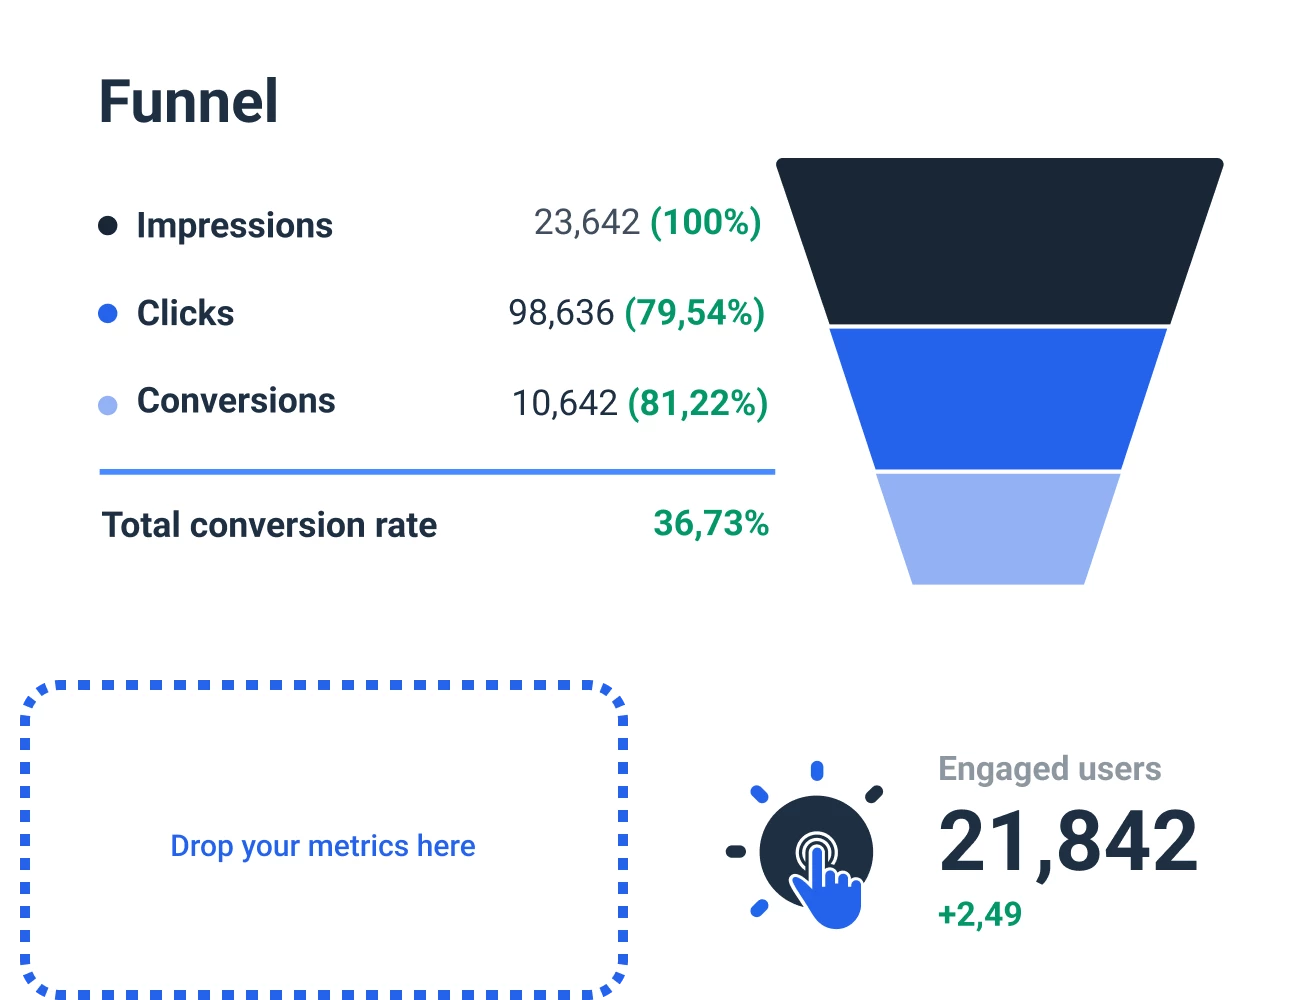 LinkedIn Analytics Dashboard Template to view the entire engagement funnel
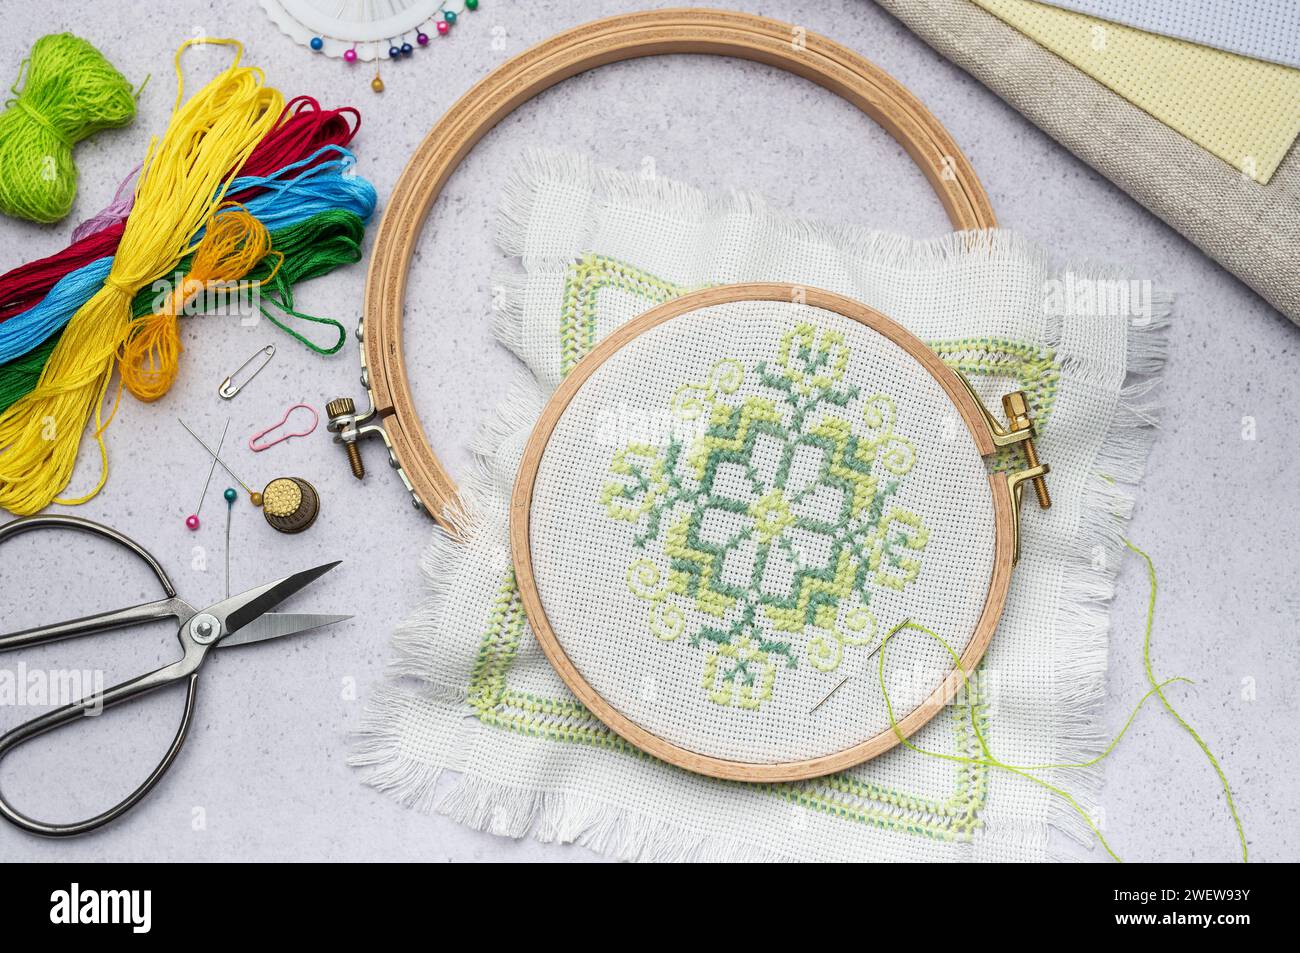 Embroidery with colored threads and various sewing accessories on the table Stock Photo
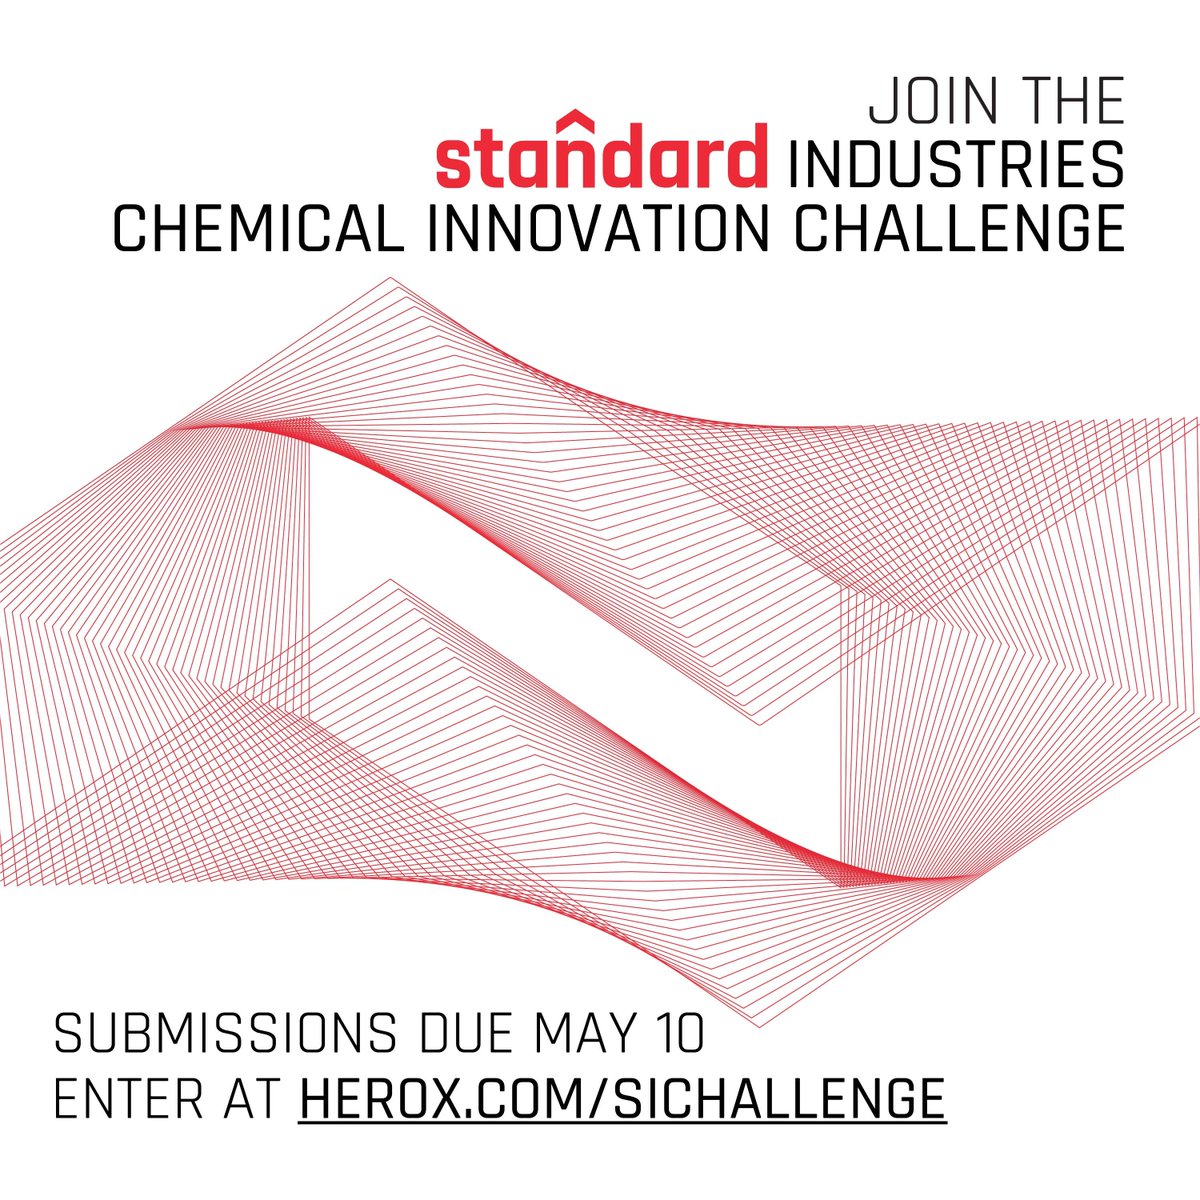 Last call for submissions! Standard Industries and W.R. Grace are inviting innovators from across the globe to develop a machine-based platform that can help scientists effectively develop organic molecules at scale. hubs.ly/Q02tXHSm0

============================================================

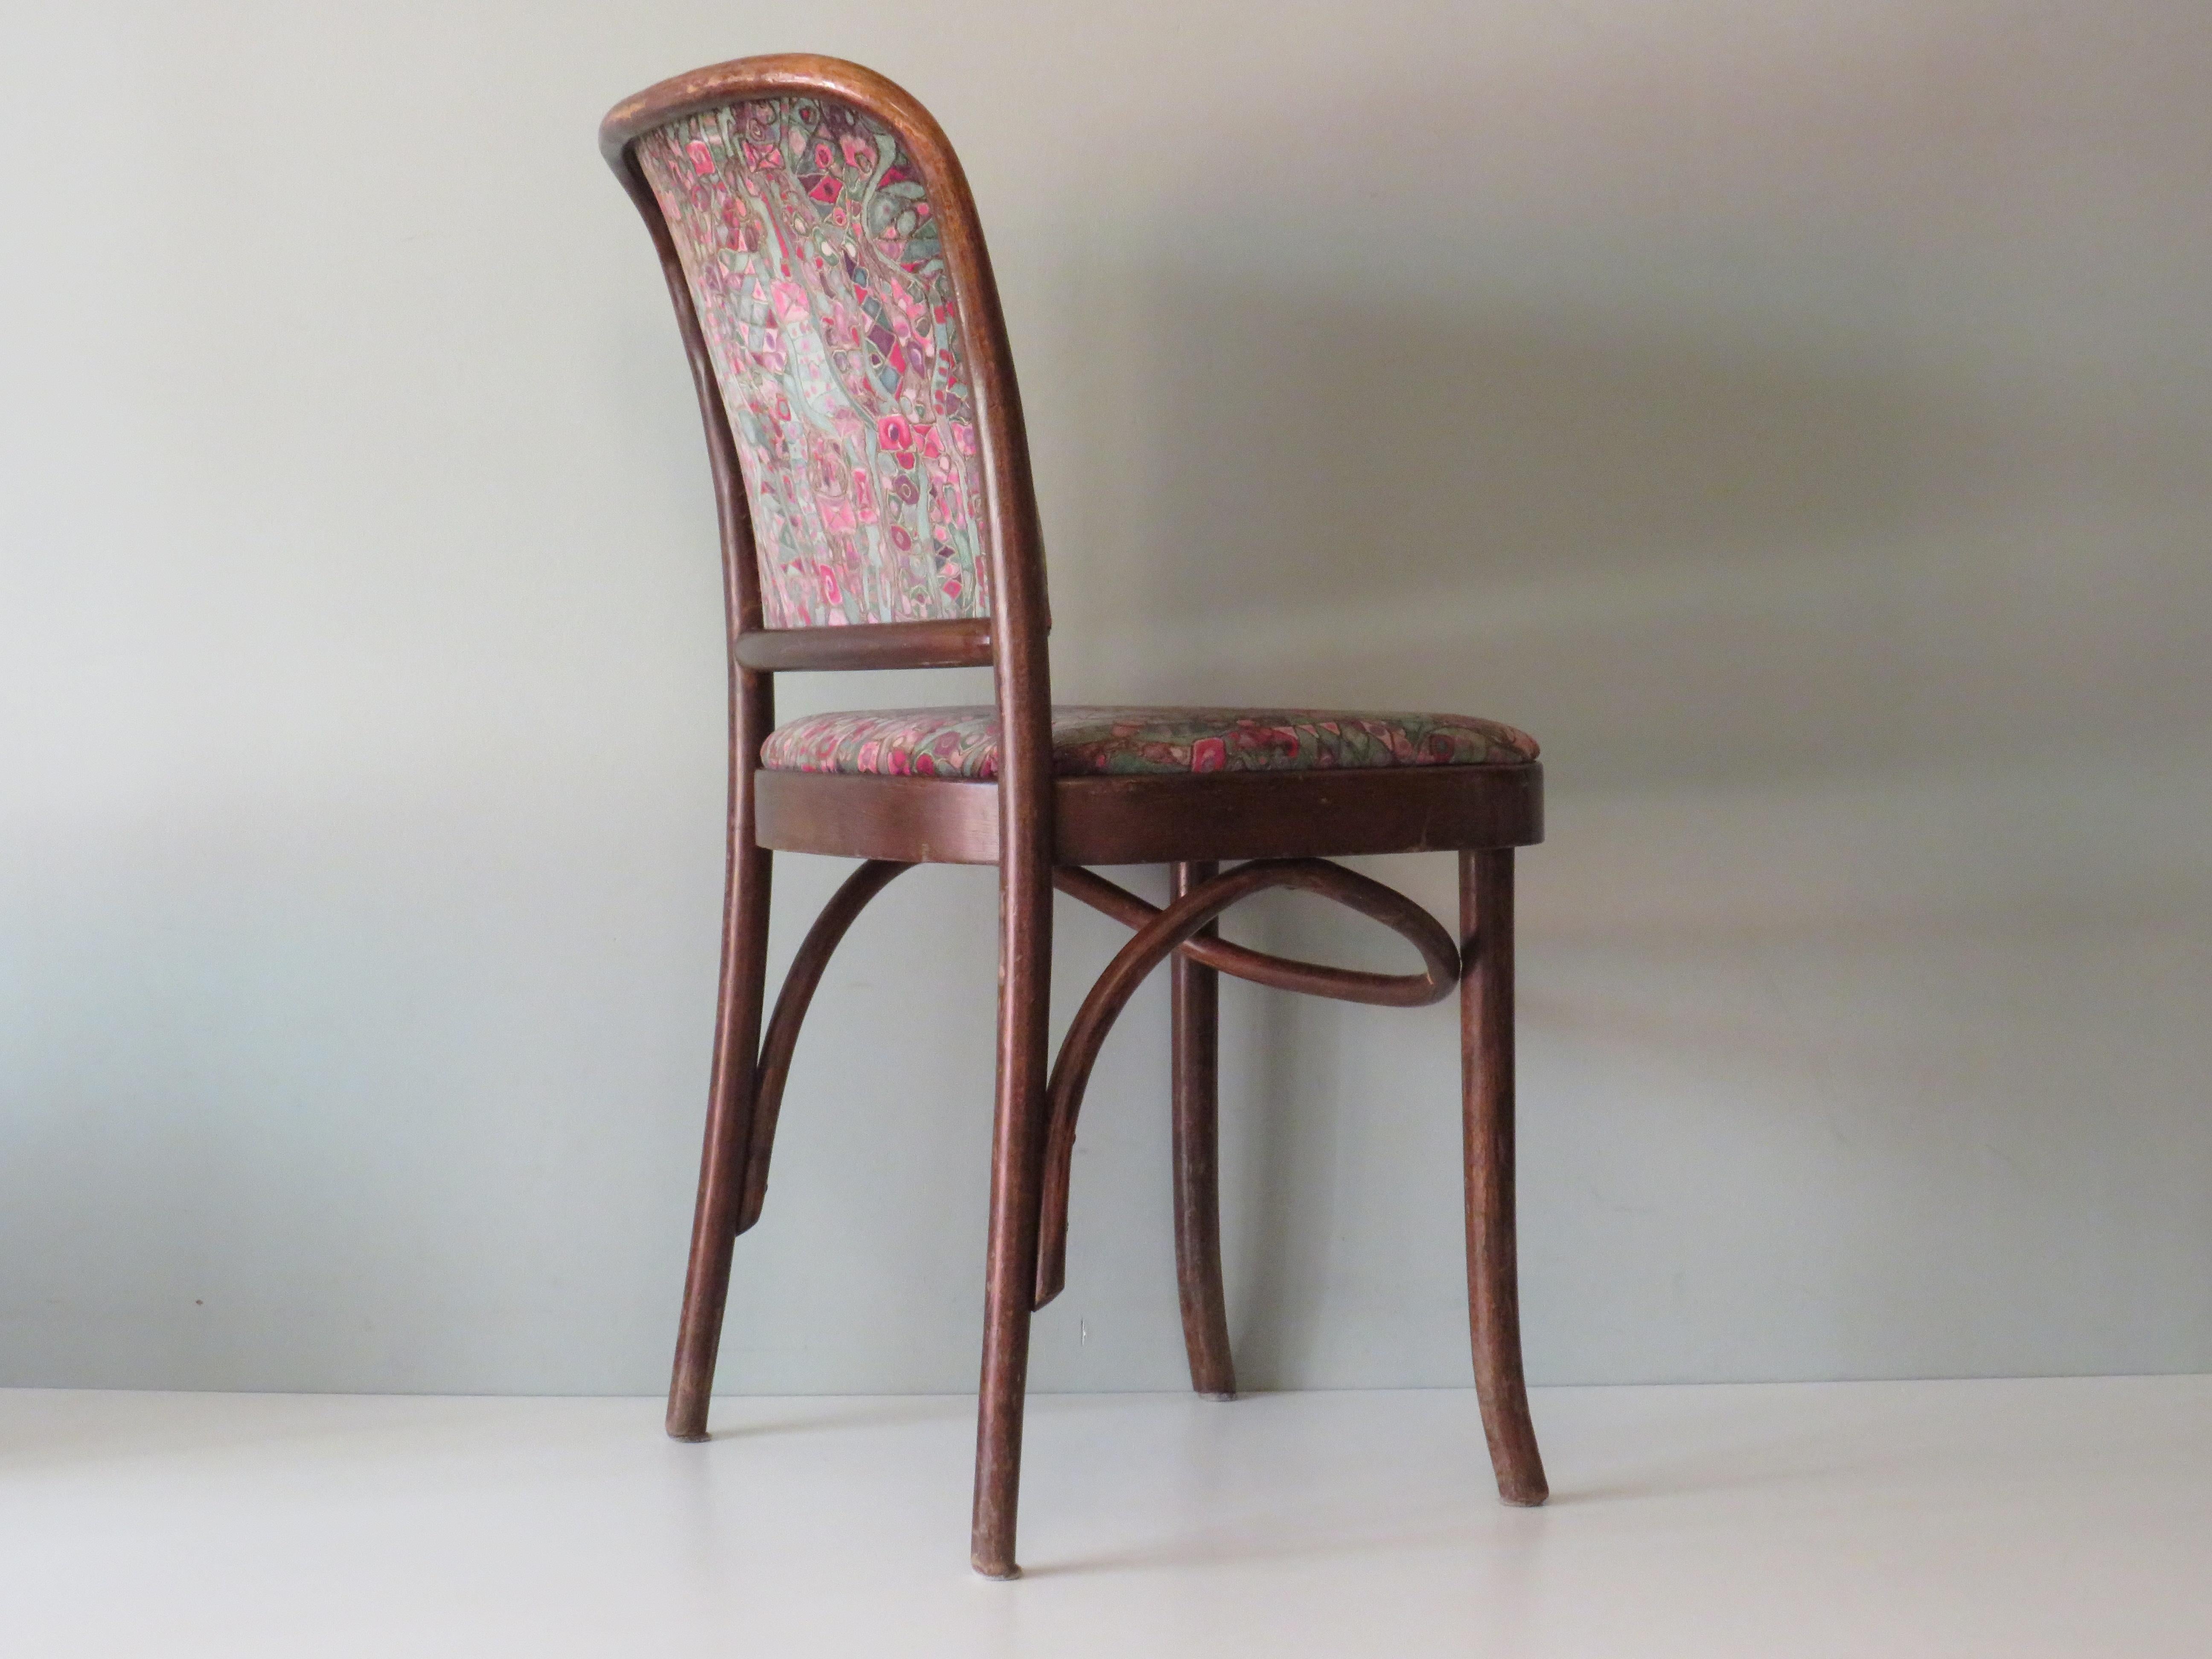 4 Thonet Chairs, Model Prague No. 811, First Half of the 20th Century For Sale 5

============================================================

=== Exercise prompt ===
Set the pictures aside and reproduce exactly the lines above, from the line holding "LinkedIn Analytics Dashboard" through the line holding "Last call for", both included, with nothing else.

=== Reply ===
 LinkedIn Analytics Dashboard Template to view the entire engagement funnel
 Embroidery with colored threads and various sewing accessories on the table Stock Photo
 Last call for submissions! Standard Industries and W.R. Grace are inviting innovators from across the globe to develop a machine-based platform that can help scientists effectively develop organic molecules at scale. hubs.ly/Q02tXHSm0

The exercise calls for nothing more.